→ **DATASET EXTRACT**:

- - - - - - -

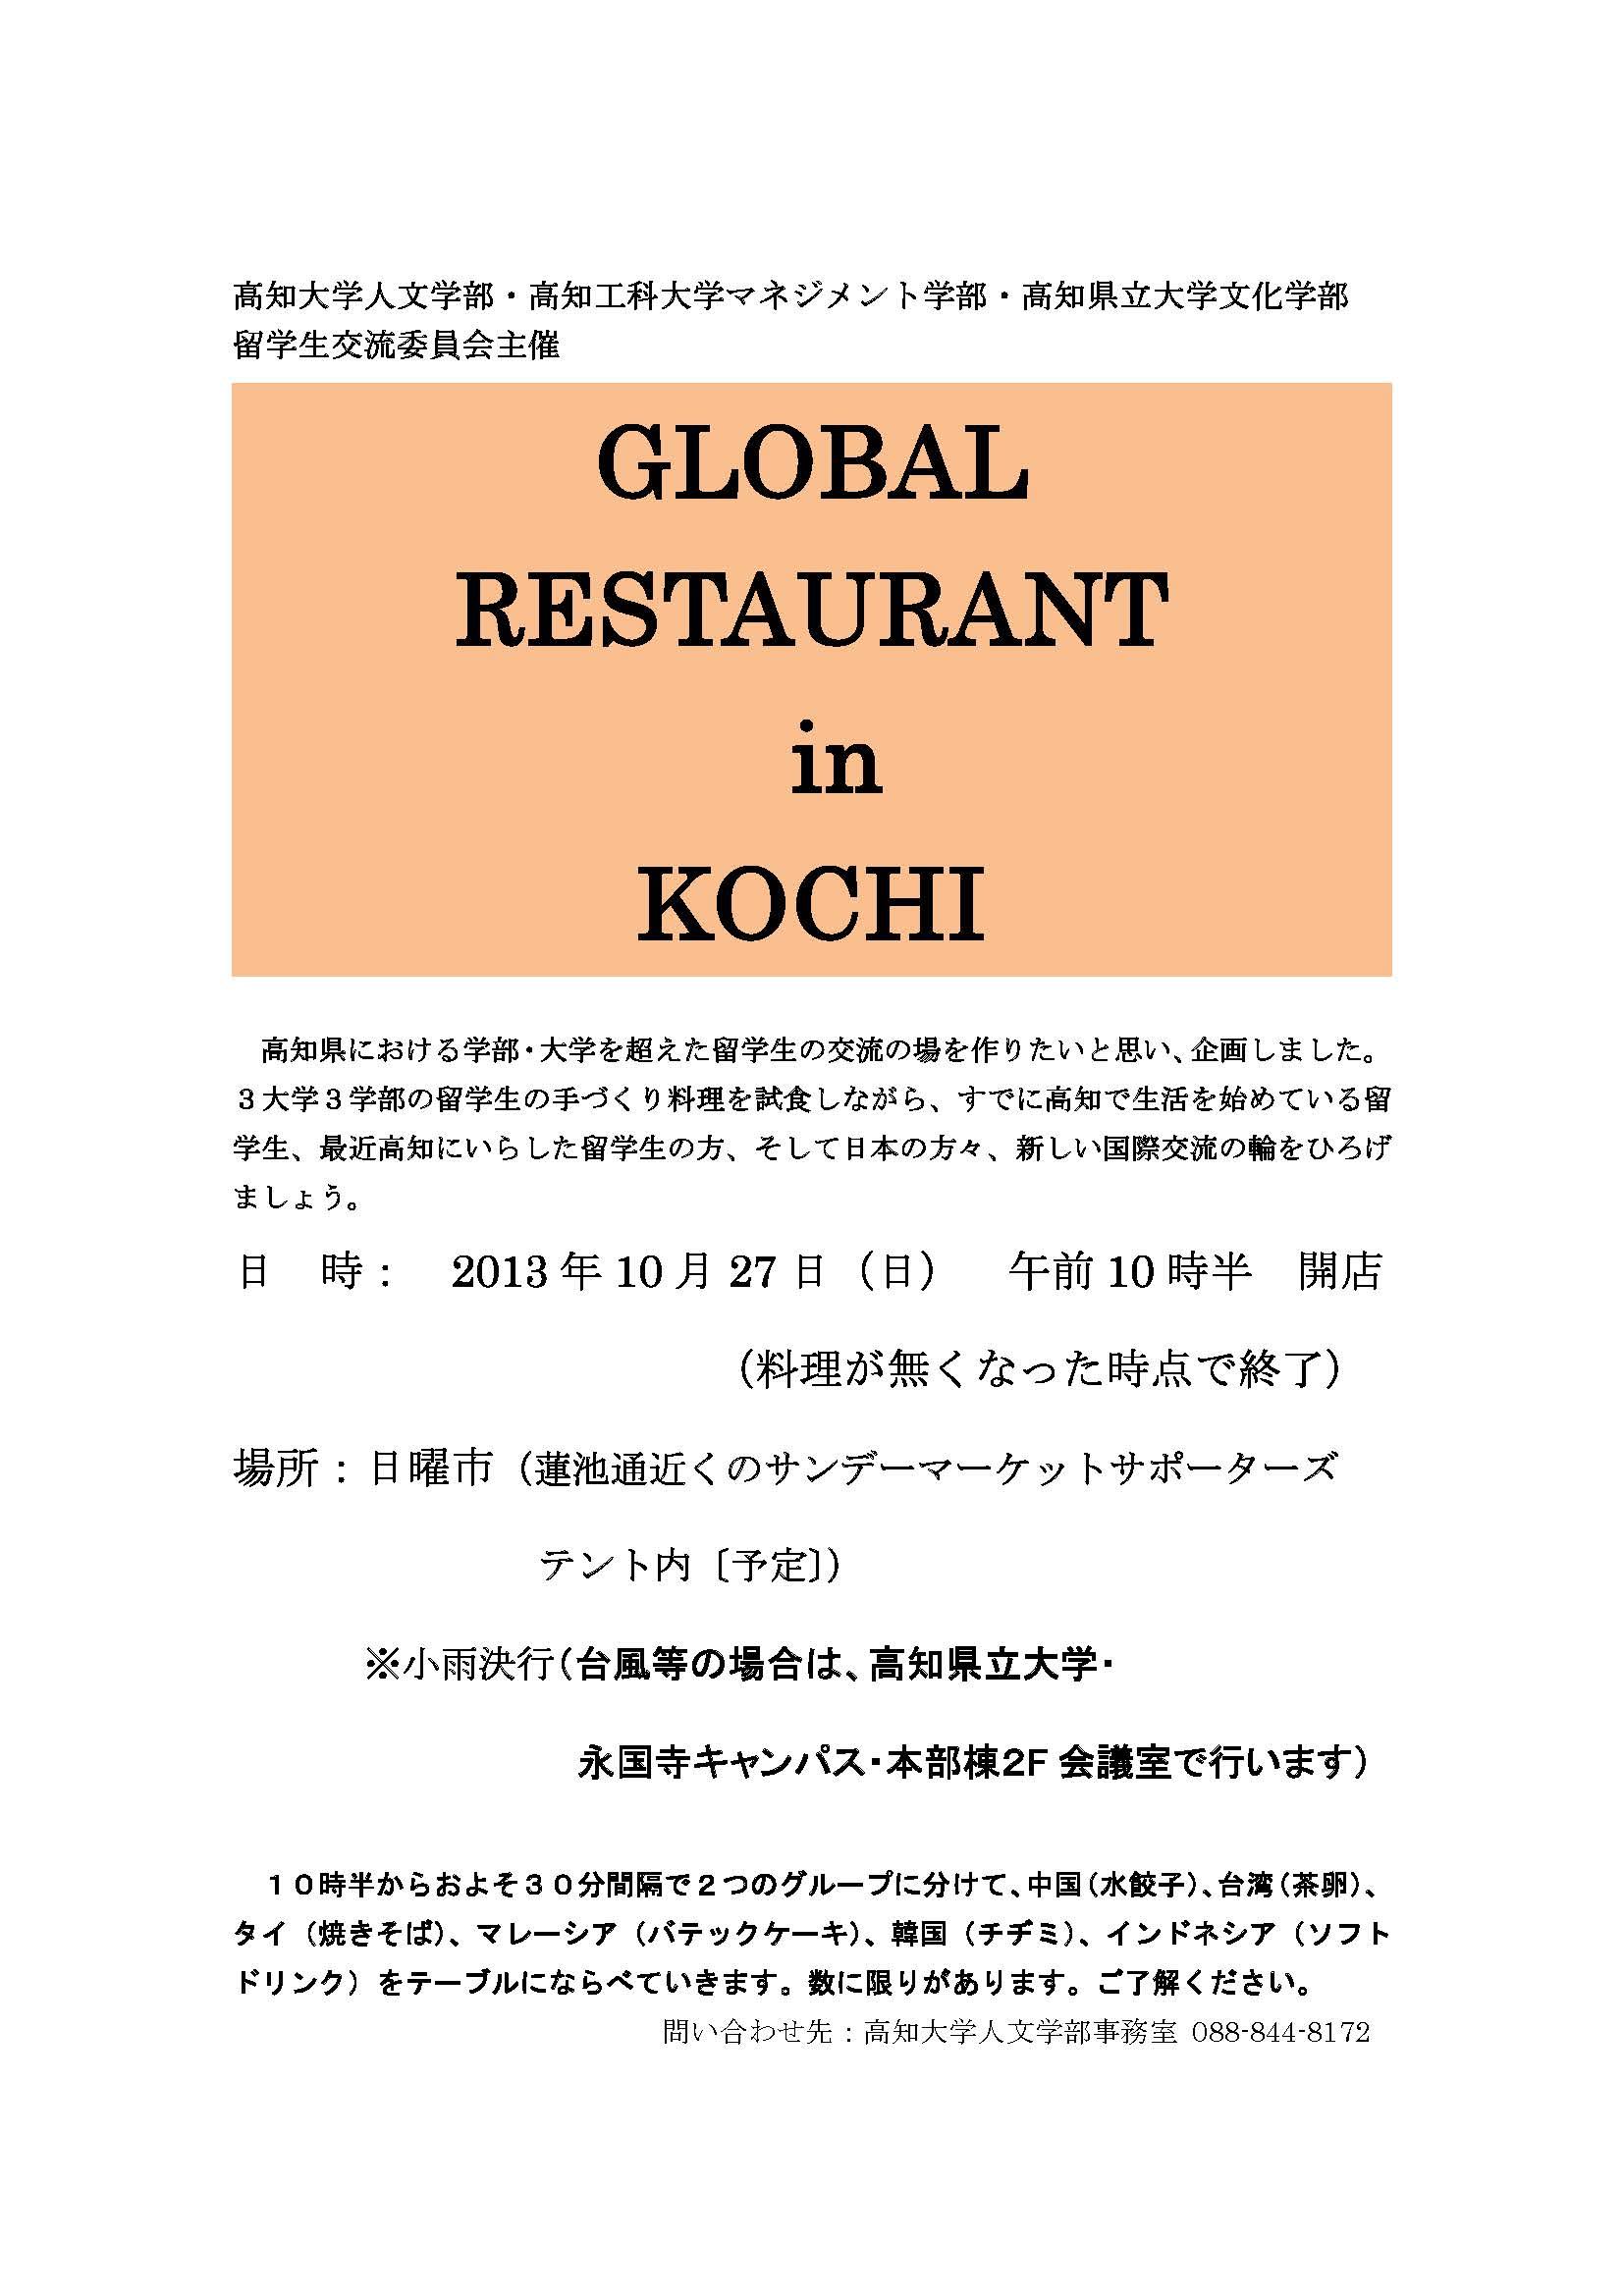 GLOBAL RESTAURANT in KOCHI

- - - - - - -

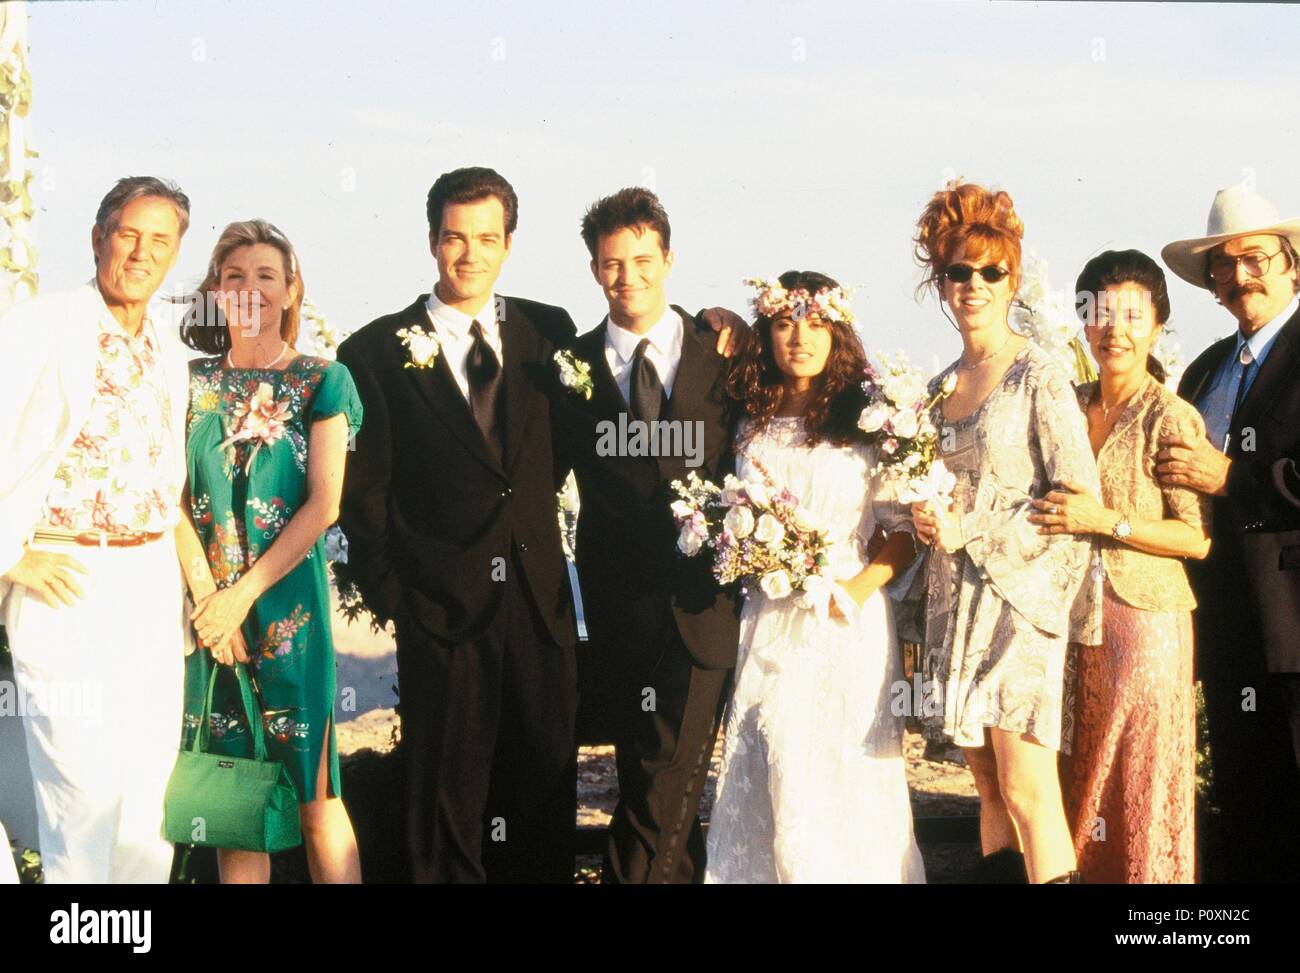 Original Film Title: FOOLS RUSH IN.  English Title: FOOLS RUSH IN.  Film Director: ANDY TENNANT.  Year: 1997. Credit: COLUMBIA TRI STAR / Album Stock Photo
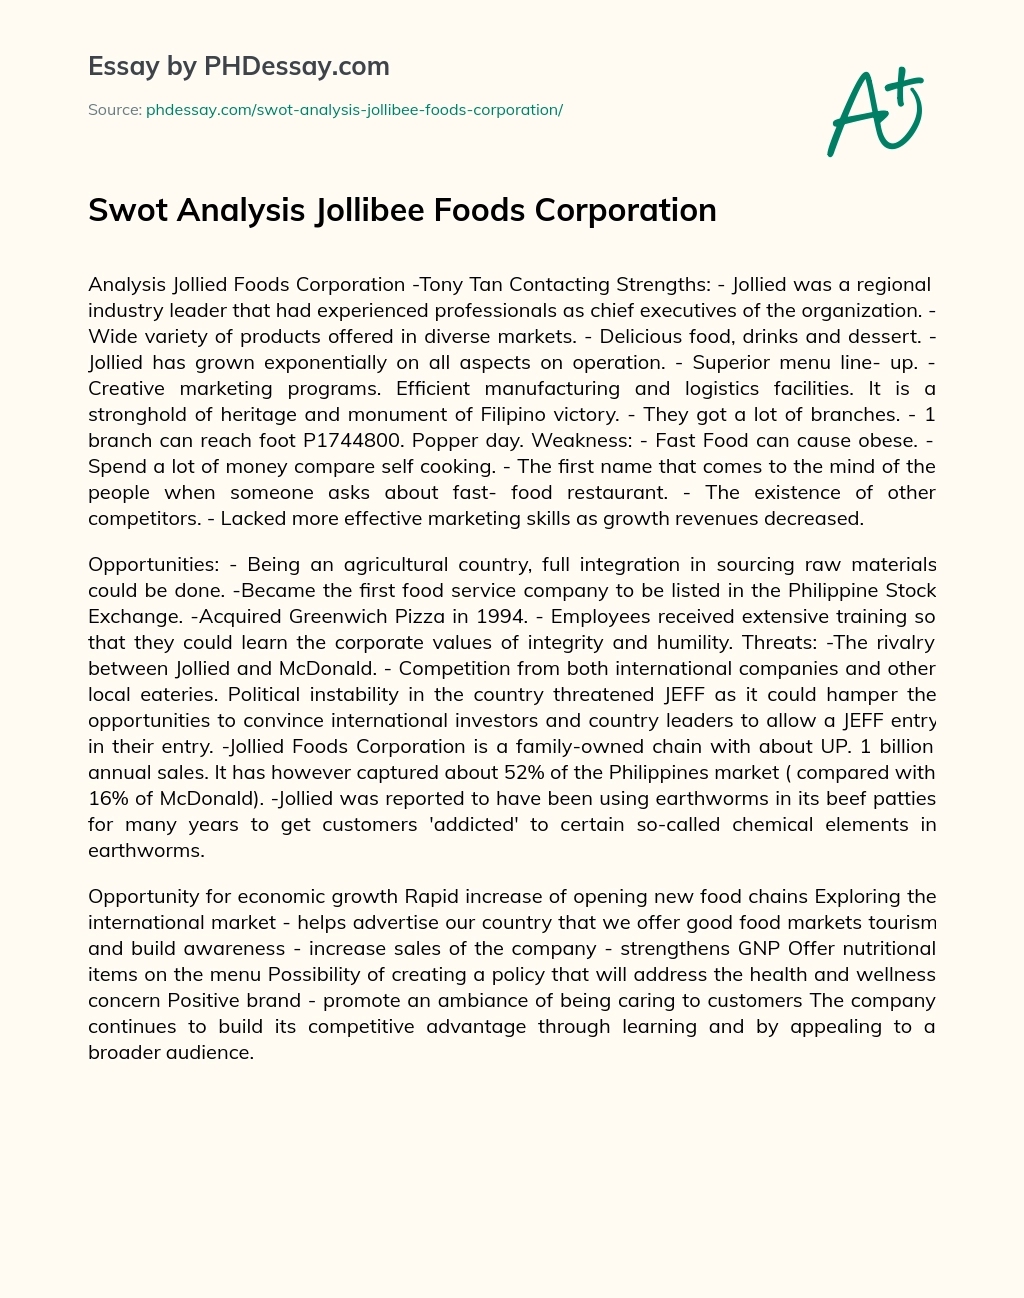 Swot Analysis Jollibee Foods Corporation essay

- - - - - - -

→ **REQUIRED WORK**:
Here the job is to copy the listing above word for word, starting at the line with "Original Film Title: FOOLS" and ending at the line with "Swot Analysis Jollibee", and to leave out the pictures.

→ **COMPLETED EXERCISE**:
 Original Film Title: FOOLS RUSH IN.  English Title: FOOLS RUSH IN.  Film Director: ANDY TENNANT.  Year: 1997. Credit: COLUMBIA TRI STAR / Album Stock Photo
 Swot Analysis Jollibee Foods Corporation essay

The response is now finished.